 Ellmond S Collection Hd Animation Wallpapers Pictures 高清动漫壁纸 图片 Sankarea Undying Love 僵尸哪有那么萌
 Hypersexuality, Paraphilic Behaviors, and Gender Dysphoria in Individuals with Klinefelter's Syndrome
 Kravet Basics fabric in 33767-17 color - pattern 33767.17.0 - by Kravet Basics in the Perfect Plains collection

* * *

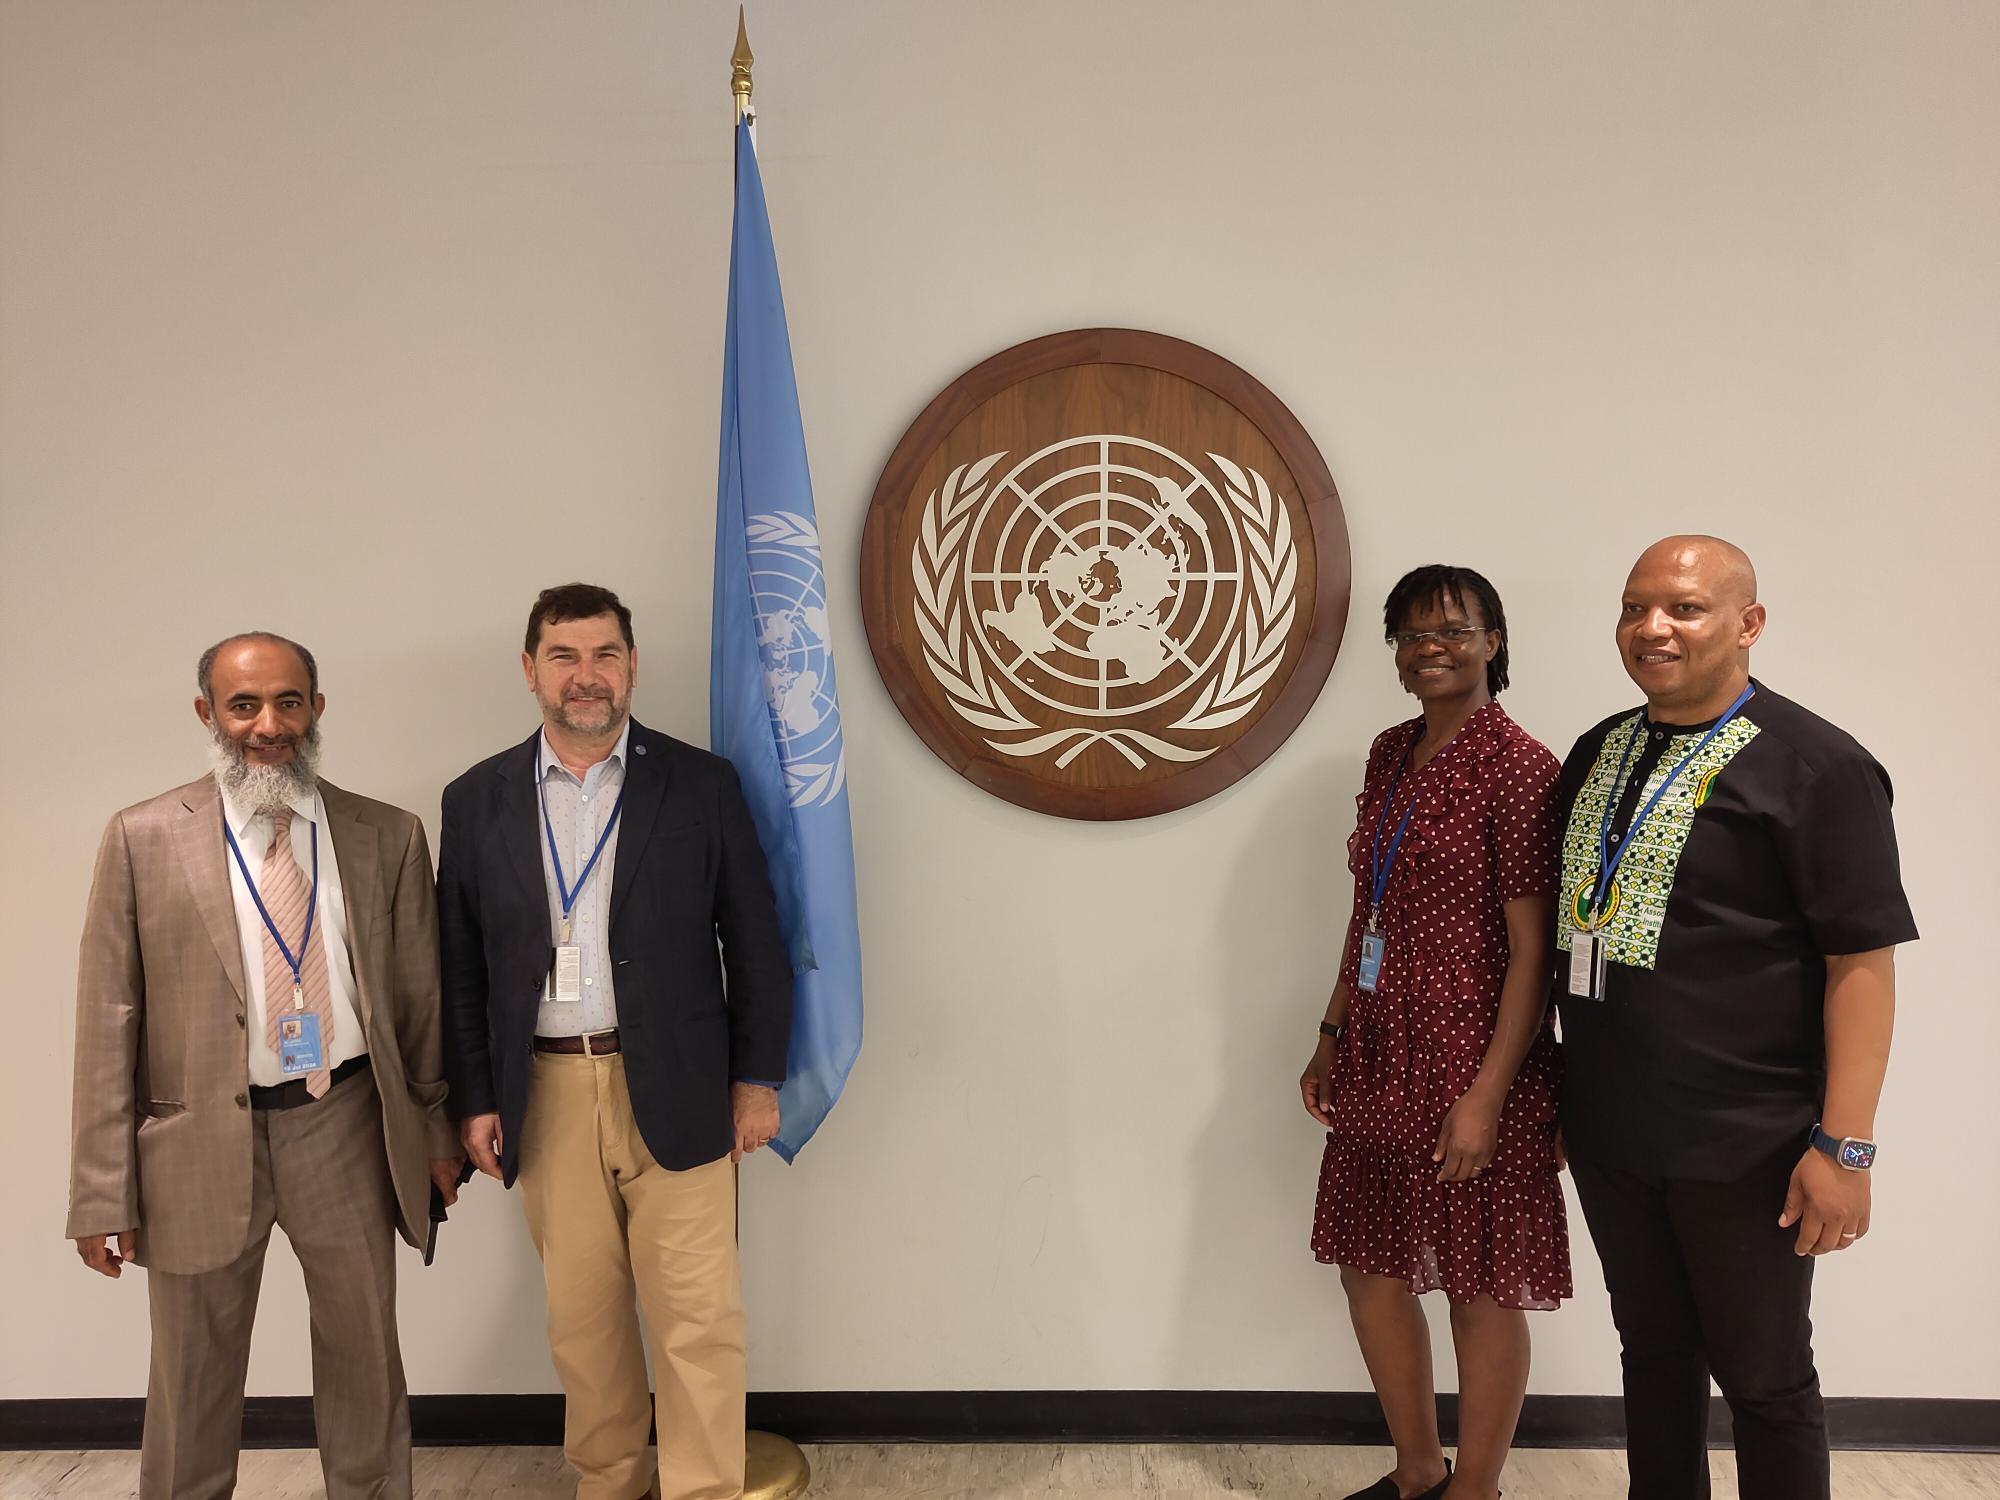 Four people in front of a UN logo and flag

---

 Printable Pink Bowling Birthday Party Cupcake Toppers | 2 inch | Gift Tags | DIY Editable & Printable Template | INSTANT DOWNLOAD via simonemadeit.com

- **DIRECTIONS**:
Starting at the line above that contains "Ellmond S Collection", repeat each line exactly up to and including the line that contains "Kravet Basics fabric", and stop there.

- **RESPONSE TO THE EXERCISE**:
 Ellmond S Collection Hd Animation Wallpapers Pictures 高清动漫壁纸 图片 Sankarea Undying Love 僵尸哪有那么萌
 Hypersexuality, Paraphilic Behaviors, and Gender Dysphoria in Individuals with Klinefelter's Syndrome
 Kravet Basics fabric in 33767-17 color - pattern 33767.17.0 - by Kravet Basics in the Perfect Plains collection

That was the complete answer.